As shown in fig. 12, the cannonball power generation method of the invention comprises the following steps:

step one, connecting a cannonball and a cannonball power generation system: bonding the outer ring of a stator magnetic yoke 1-21 in the cannonball power generation system on the shell of the cannonball through high-strength structural adhesive;

step two, the cannonball power generation system generates power in the cannonball launching process: when the cannonball is launched from the barrel, the cannonball runs at high speed, a stator 1-2 fixedly connected with a shell of the cannonball rotates along with the cannonball, a coil winding 1-22 wound on a magnetic yoke 1-21 of the stator starts to cut magnetic lines of force, electromotive force is induced, alternating current is generated and output to a rectification voltage reduction circuit 2, a three-phase bridge rectification circuit 2-1 in the rectification voltage reduction circuit 2 converts the alternating current into direct current, and a BUCK circuit 2-2 outputs stable 12V voltage under the control of a PWM signal generation circuit 2-3; in the process that the stator 1-2 rotates along with the cannonball, the torque obtained by the permanent magnet synchronous generator 1 and the friction force between the bearing 1-4 and the shaft column 1-1 drive the rotor 1-3 to rotate together, and when the rotating angular speed of the rotor 1-3 is the same as that of the stator 1-2, the permanent magnet synchronous generator 1 stops generating electricity.

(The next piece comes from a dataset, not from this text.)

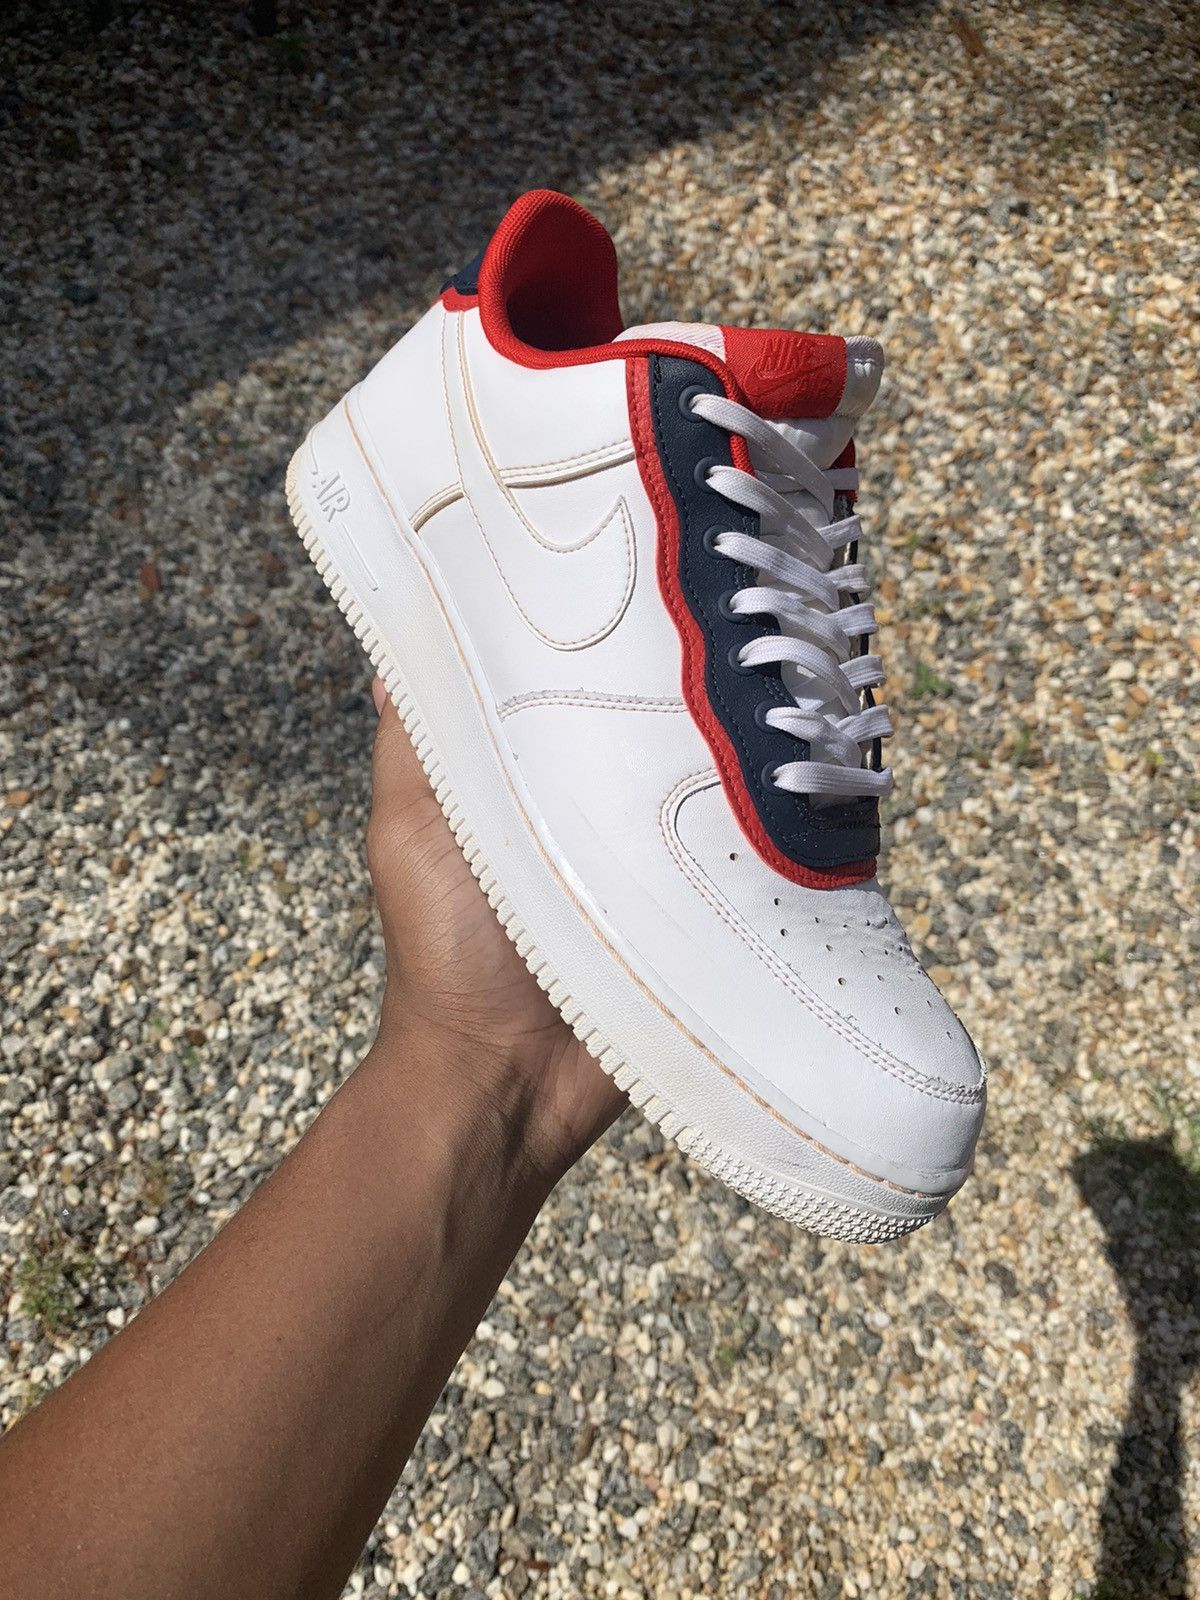 Nike Air Force 1 '07 LV8 Double Layer - Obsidian Red 2019 Size 11

The torque obtained by the permanent magnet synchronous generator 1 is obtained by subtracting the stray loss of the permanent magnet synchronous generator 1 from the output power of the BUCK circuit 2-2 and dividing the result by the angular speed of the stator 1-2.

In conclusion, the invention breaks through the traditional power generation idea, utilizes the energy of high-speed rotation when the cannonball is launched to generate power, can obtain stable voltage output, saves resources and has high popularization and application values.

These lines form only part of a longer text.